◆ Work required ◆
Quote, word for word, the line containing "ReadJunk.com 20th Anniversary" and all lines that follow it to the end of the records, with no pictures.

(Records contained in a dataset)

......

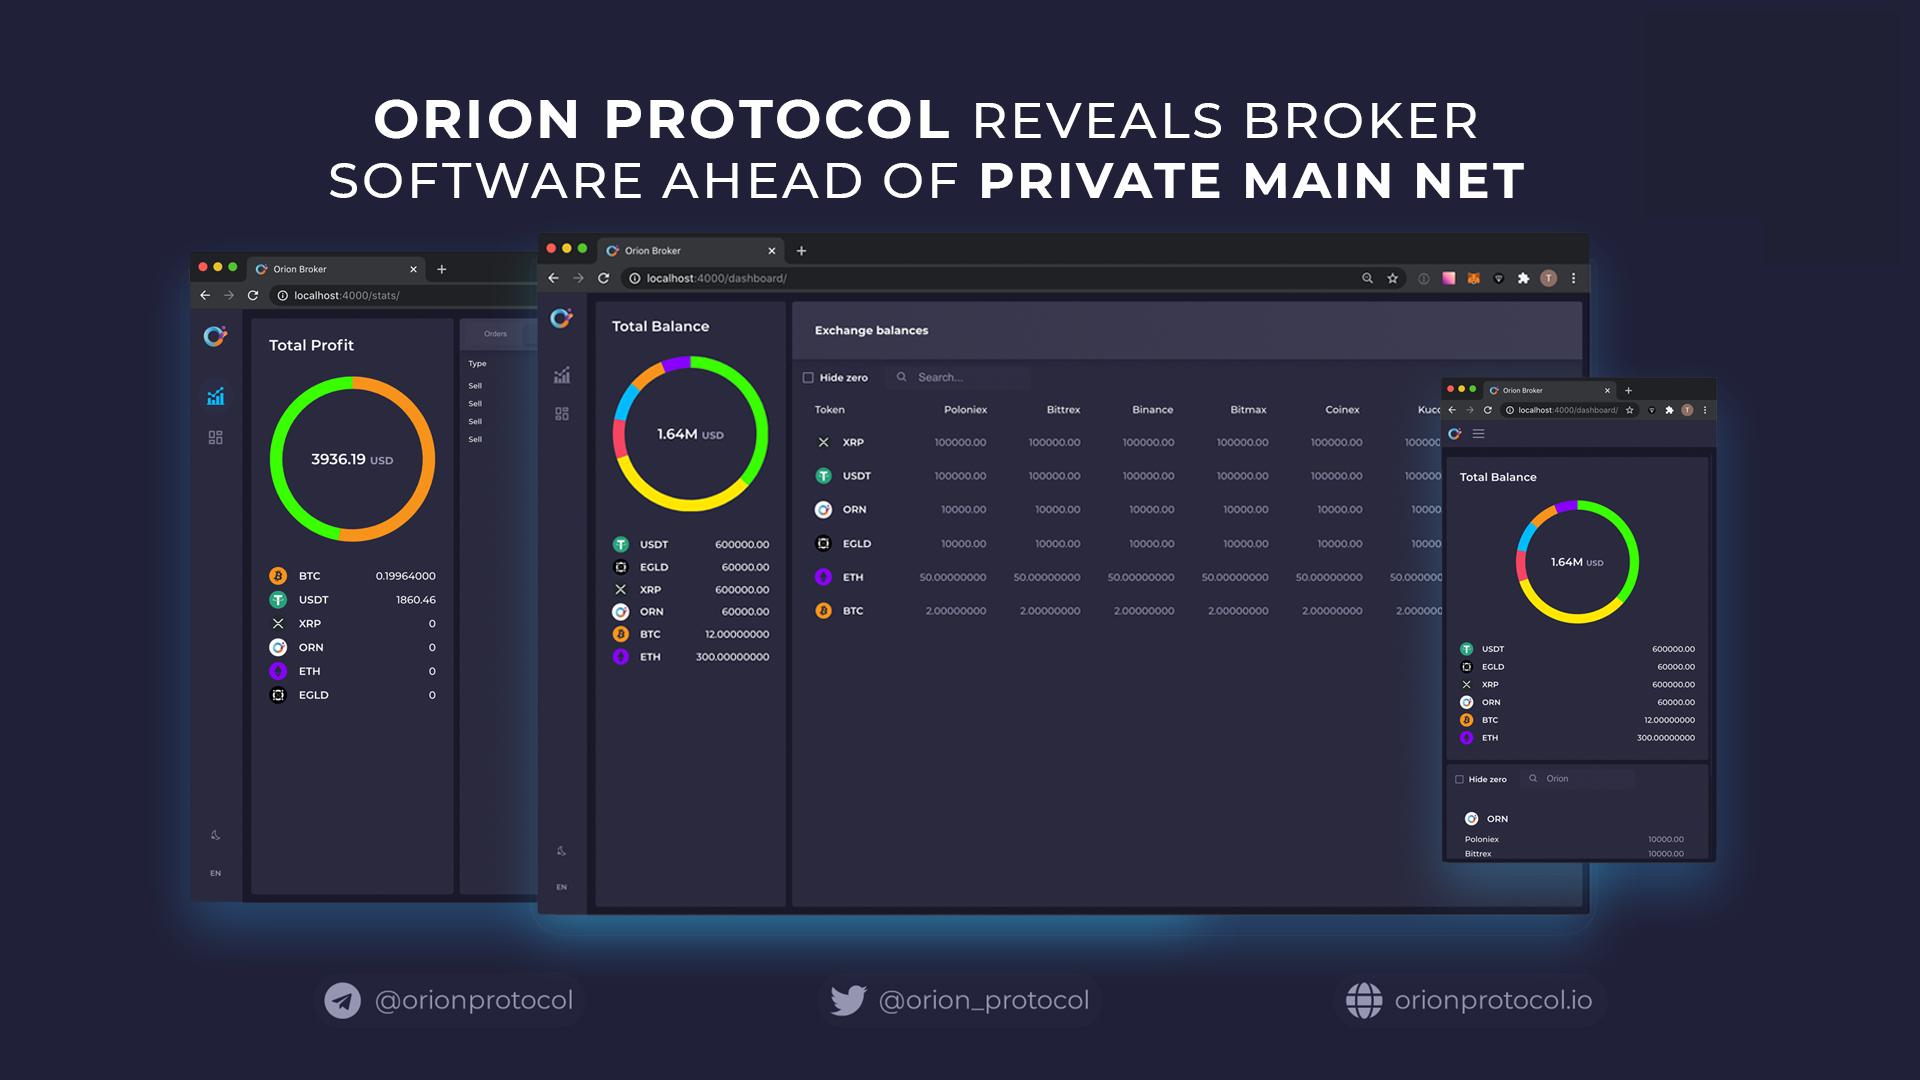 Orion Protocol Reveals Broker Software
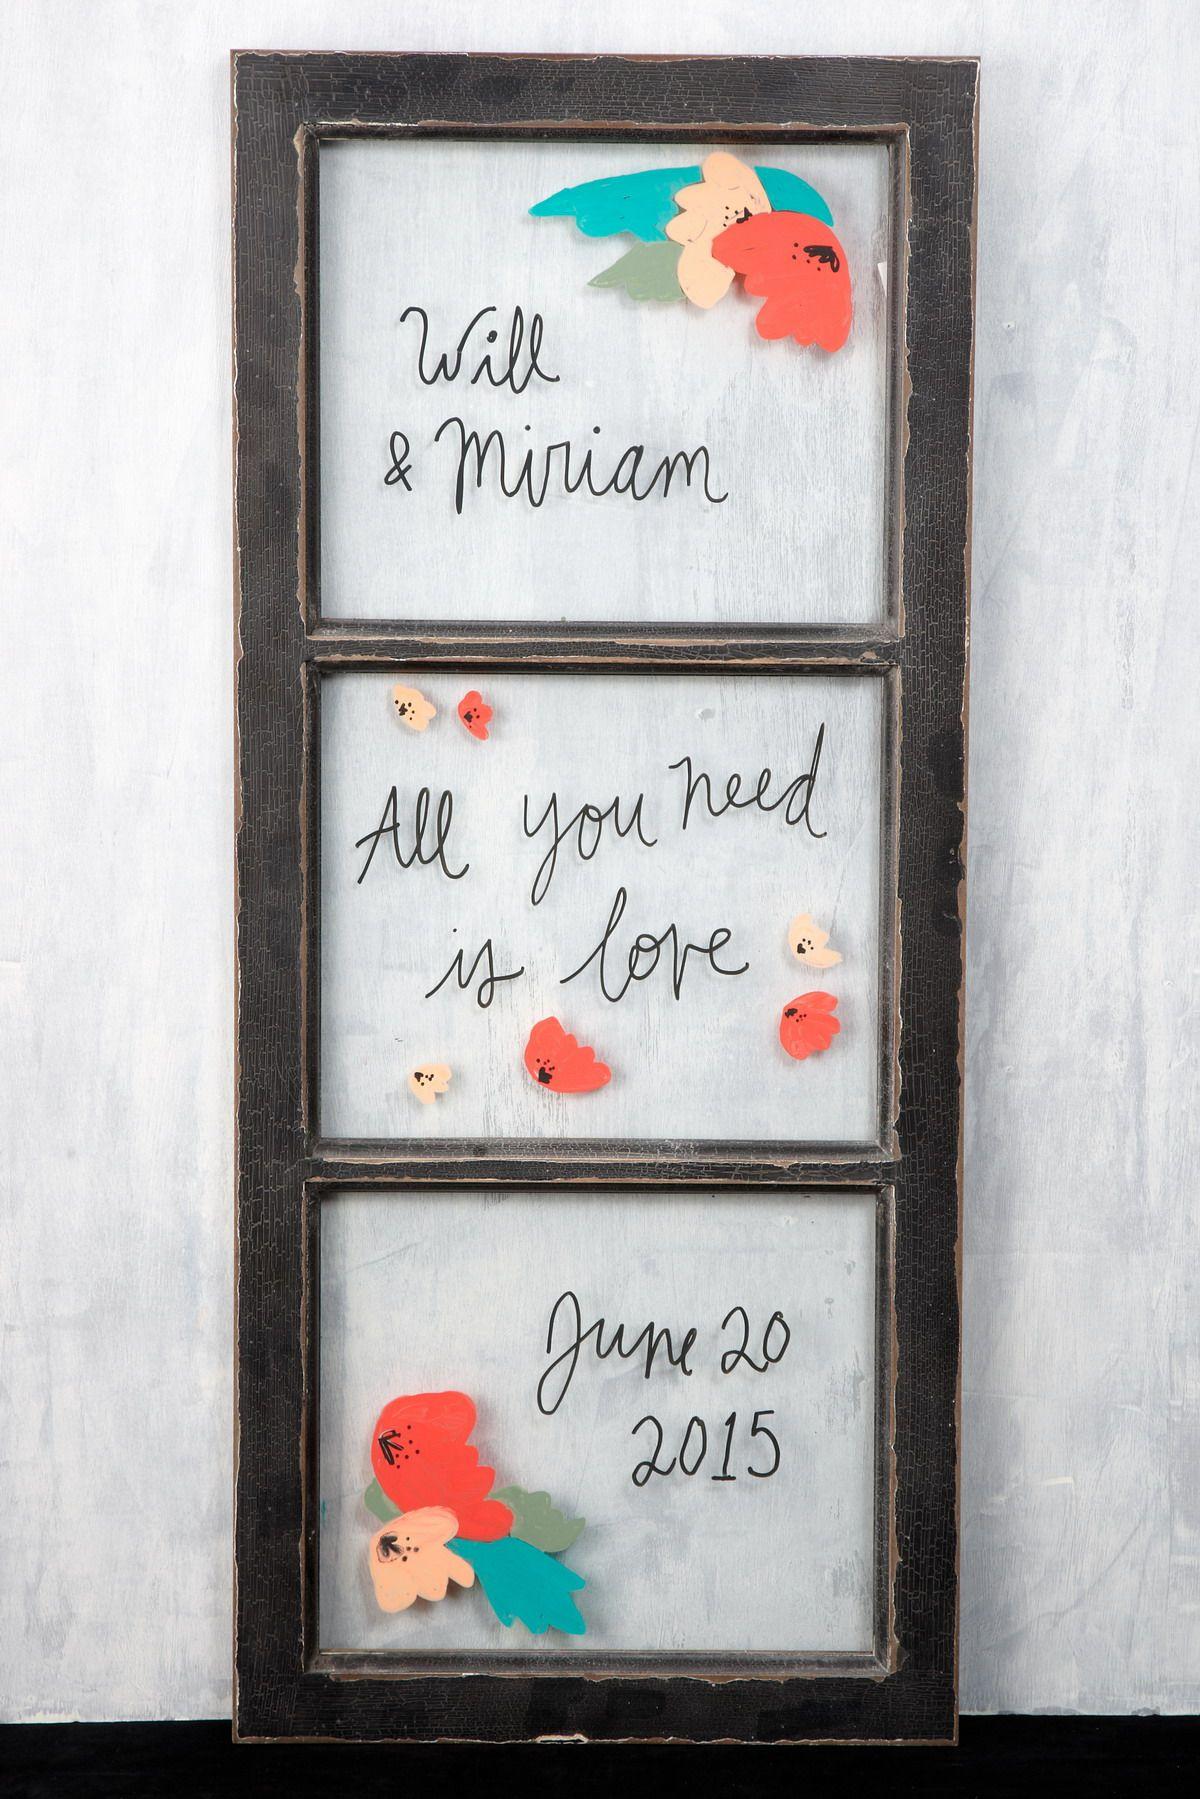 Window pane ideas  wedding signage on a window pane  wedding sign ideas  pinterest
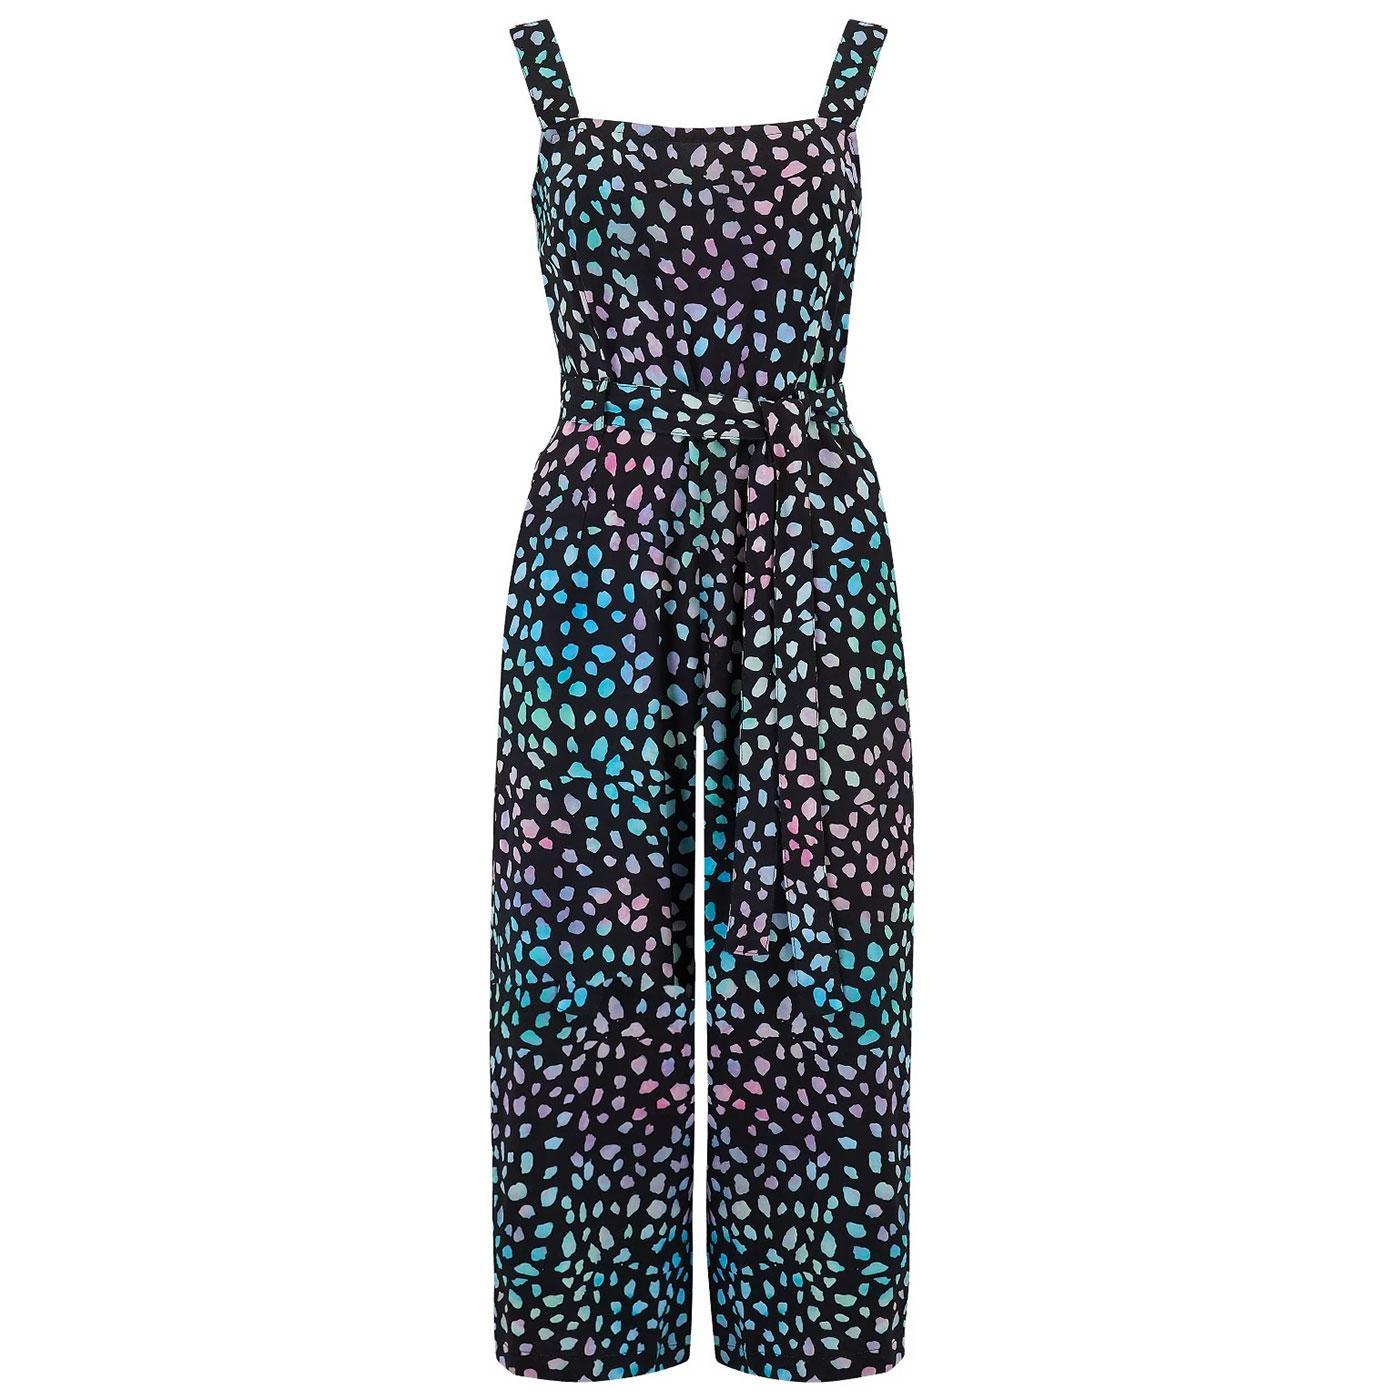 Millie SUGARHILL Painterly Dot Culotte Jumpsuit
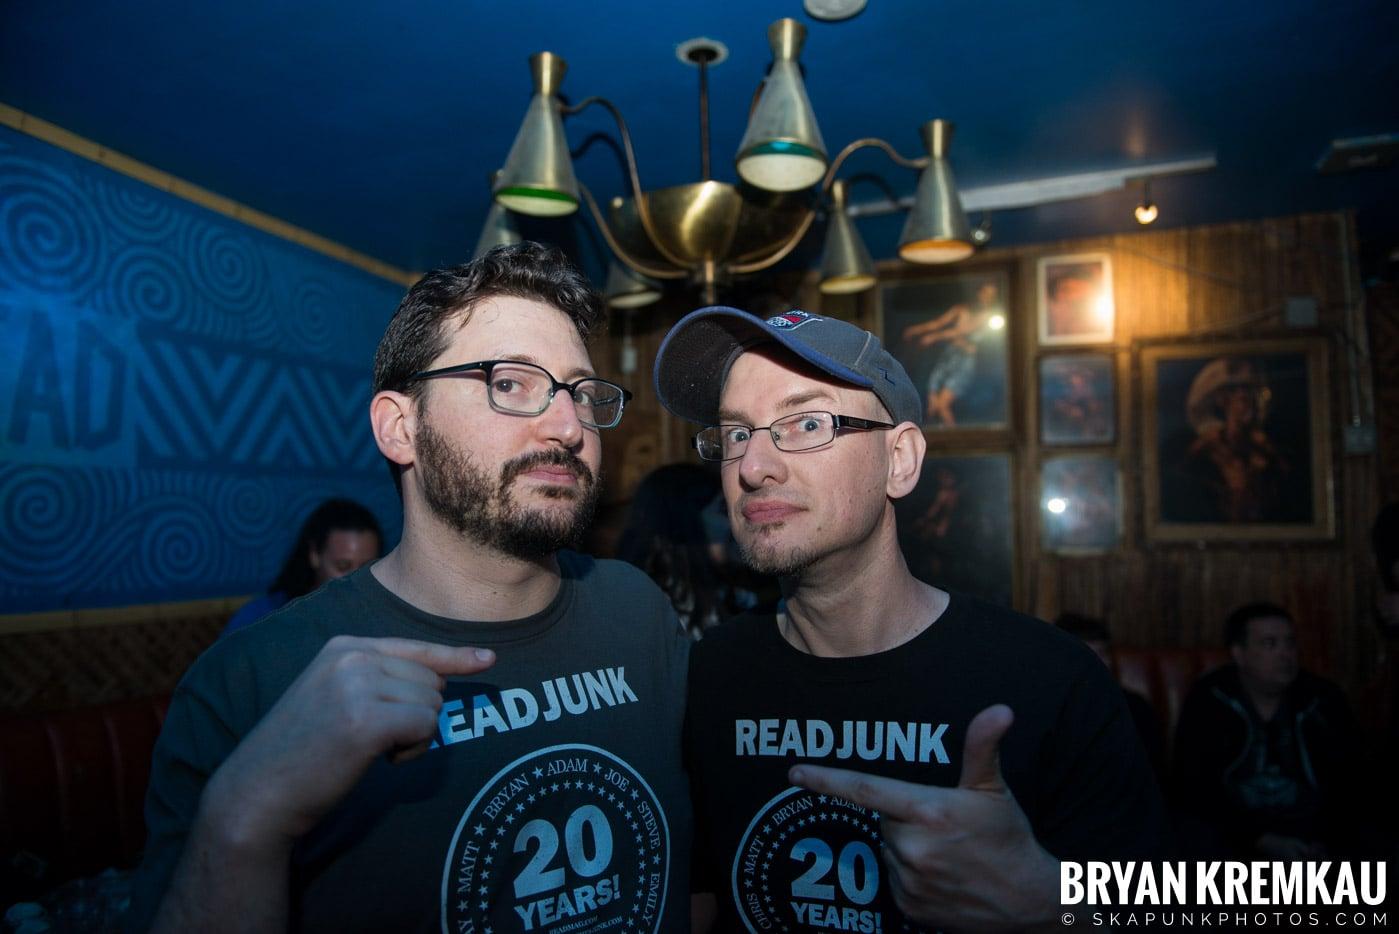 ReadJunk.com 20th Anniversary Party @ Otto's Shrunken Head, NYC - 4.29.17 (7)
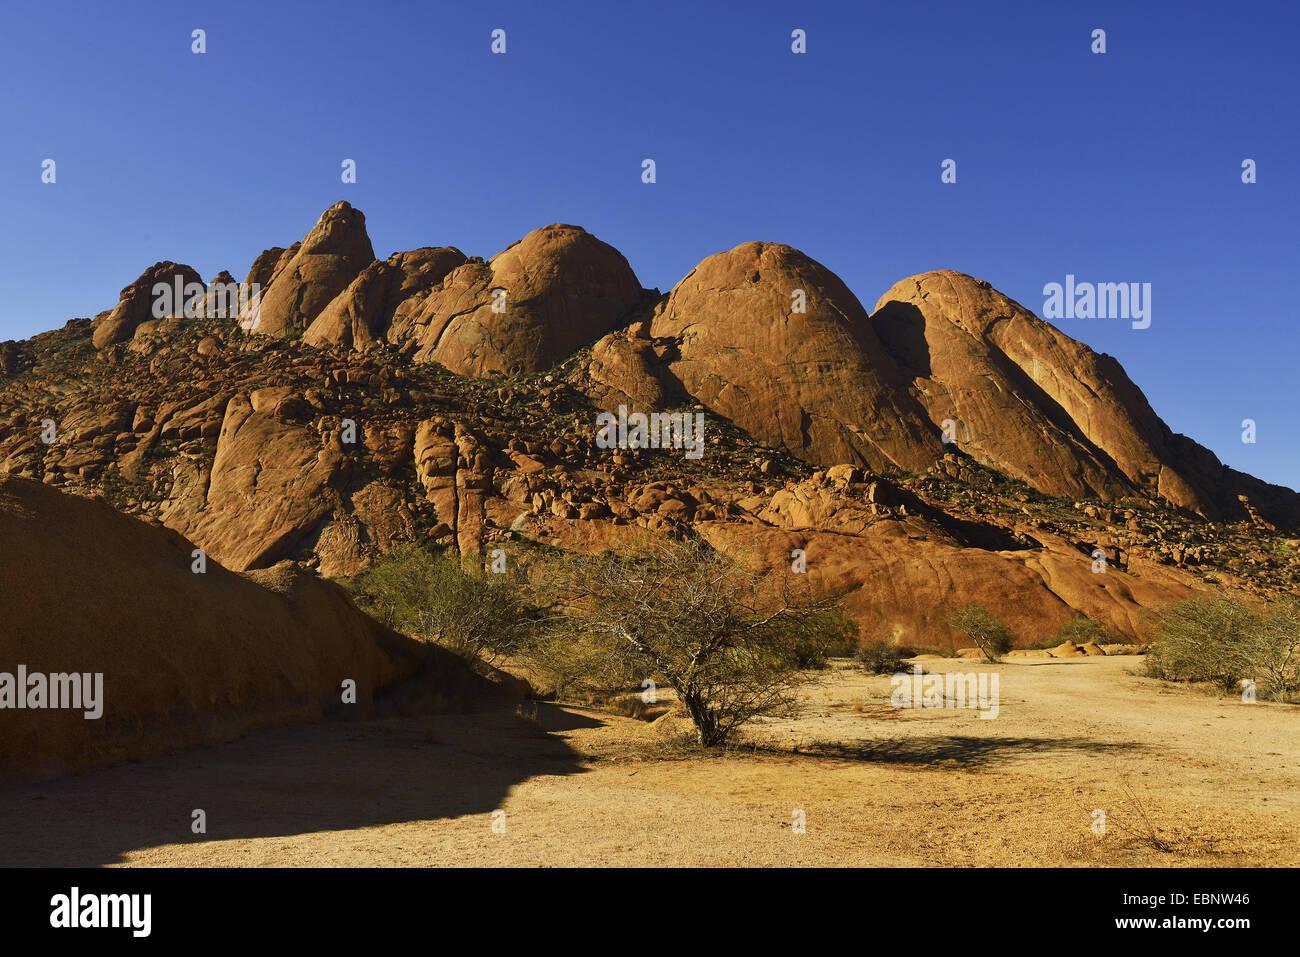 Spitzkoppe mountain near Windhoek, Namibia, Swakopmund - Stock Image

......

◆ Solution to the problem ◆
 ReadJunk.com 20th Anniversary Party @ Otto's Shrunken Head, NYC - 4.29.17 (7)
 Spitzkoppe mountain near Windhoek, Namibia, Swakopmund - Stock Image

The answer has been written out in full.